I ran out of the library, happy that everything is finally complete. I walked to the dark parking lot, a few blocks behind the library. But before I could even get into my car, someone grabbed my arm and covered my eyes and mouth with cloth. I screamed to the top of my lungs, asking for anyone’s help. The cloth was sort of see-through and I saw two men – one holding my right arm, one holding the other while pointing a gun to my chest. By the time the man was about to fire the gun, I pushed the both of them somehow, making the bullet go through my stomach instead. I ran, scared for my life, as I took my blindfold out. I didn’t care where I was going as long as I escaped them. As I was running, I realized I was going the opposite way of the library, so I couldn’t get any help. I was bleeding, my hair was a total mess, and I was holding the information that would serve justice to the ones who died. I walked into a small alley behind an old building to rest and get out of their sight.
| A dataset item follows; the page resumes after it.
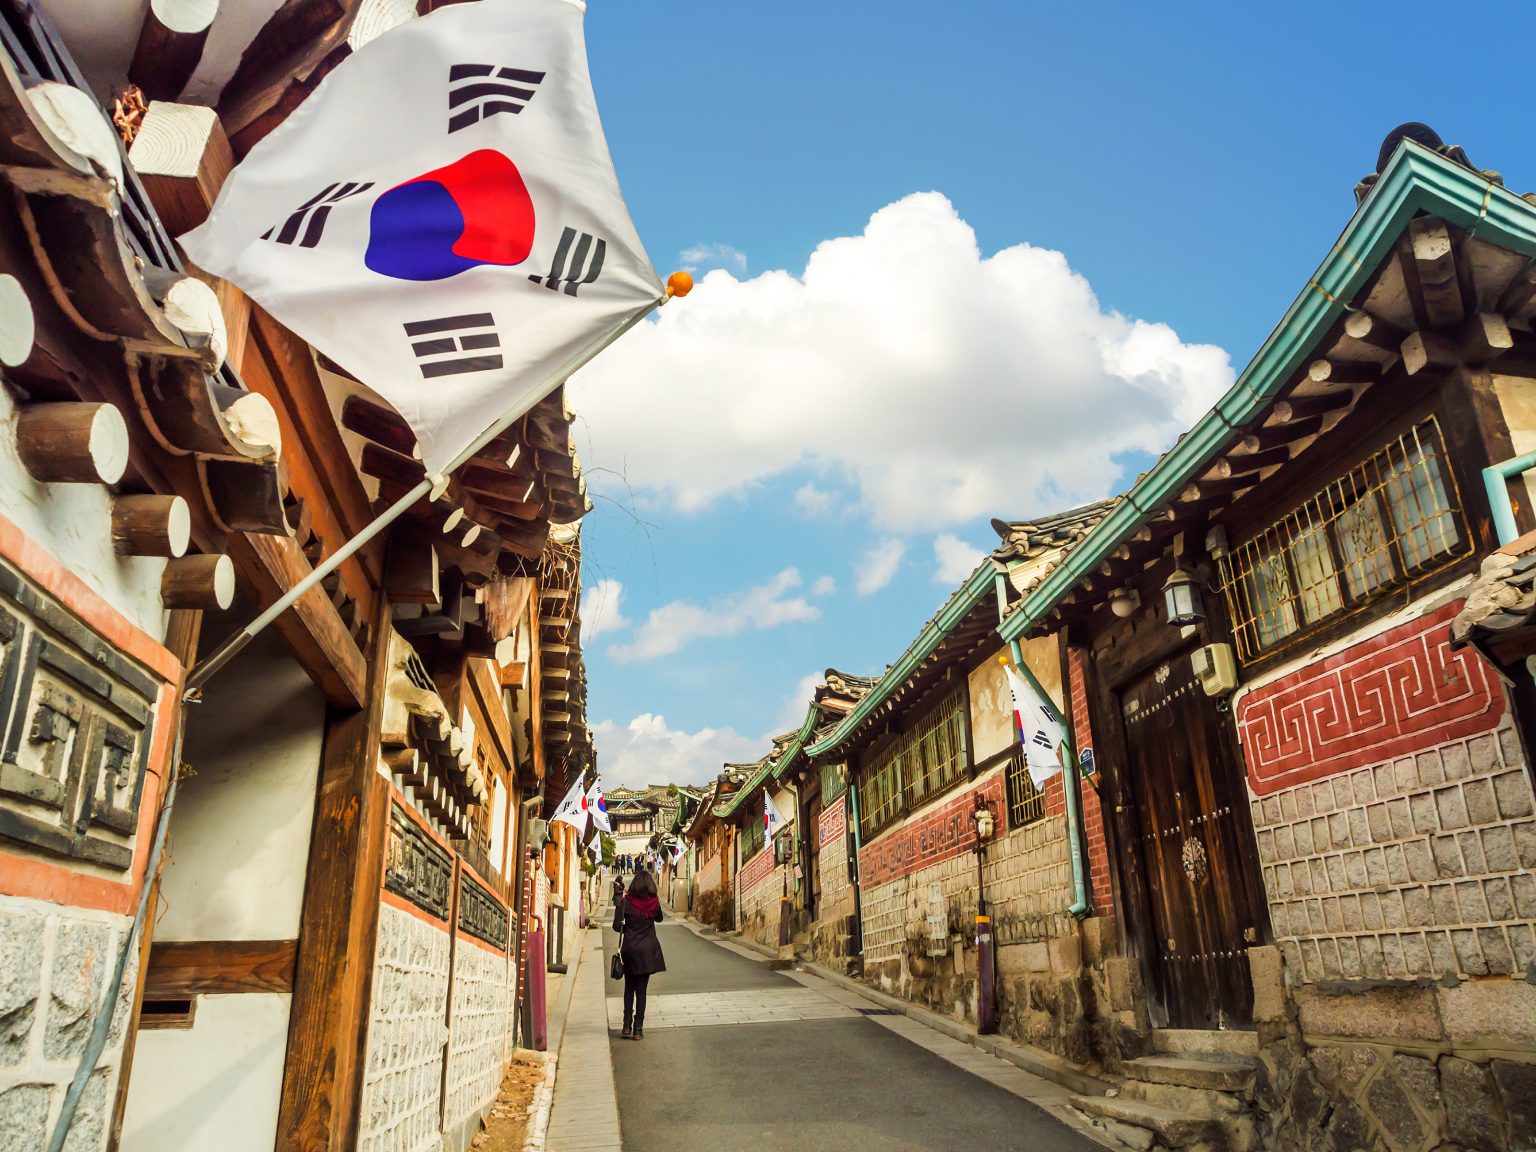 Hộ chiếu Hàn Quốc và du lịch: Tìm hiểu thêm về hộ chiếu Hàn Quốc và cách thức du lịch đến đất nước này để có trải nghiệm tuyệt vời nhất. Từ thành phố Seoul sôi động đến các thị trấn yên bình ở vùng quê, Hàn Quốc mang đến nhiều lựa chọn du lịch thú vị và đa dạng cho bạn. Bức ảnh liên quan sẽ khiến bạn mong muốn đến đất nước này ngay lập tức.

“Are you okay?” you asked, worried. I didn’t notice that someone was standing there, not until you spoke. I was really out of breath. I was putting pressure on my bleeding stomach, making me feel more pain. “What’s going on? We have to go to the hospital!” you said, as you tried to grab my arm. I pushed your arm away with all the energy I had left. I took out my phone out, and the flash drive I got from the library. I turned to you, looked into your eyes and said, “To know the truth. Seven deaths. This is the last piece. Guard this with your life and don’t get caught. Run!” I handed you my phone and the drive. Not sure on what to do, you just ran away all confused, leaving me on the alley. By the time you were not in sight, the two men caught me again.
I started to hear people whispering and gossiping, the sirens of police cars. Cries of people I know and some I don’t. I saw myself, laying on the cold alley, dead, with four shots on my body: on the chest, stomach, and two palms. I was blindfolded with a red cloth and both of my arms and feet were tied. Seven members, seven days, seven deaths. Then, I felt this warm touch on my shoulder, and I looked over to see the hand of my partner, with tears in his eyes. “You did your best. Thank you. I’m sorry you had to lose yourself just to look for the justice we, along with many more people never had. The truth will be told,” he said.
I looked around and saw you, the one whom I gave my phone and the flash drive, looking so shocked as you saw my body. Like you couldn’t believe that the girl you were seeing was alive just a few minutes ago. It’s all in your hands now. I entrusted you with something that holds the future of every citizen of this country. Either you, by the looks, the eighth member of Veritatem Cognoscere, with a hidden identity from the killers, throw it all away, or dive deep into this and continue what we’ve almost completed. Veritatem quaere, quialatet. Meaning, seek the truth, for it is hidden. Can you tell everyone the truth and do us justice?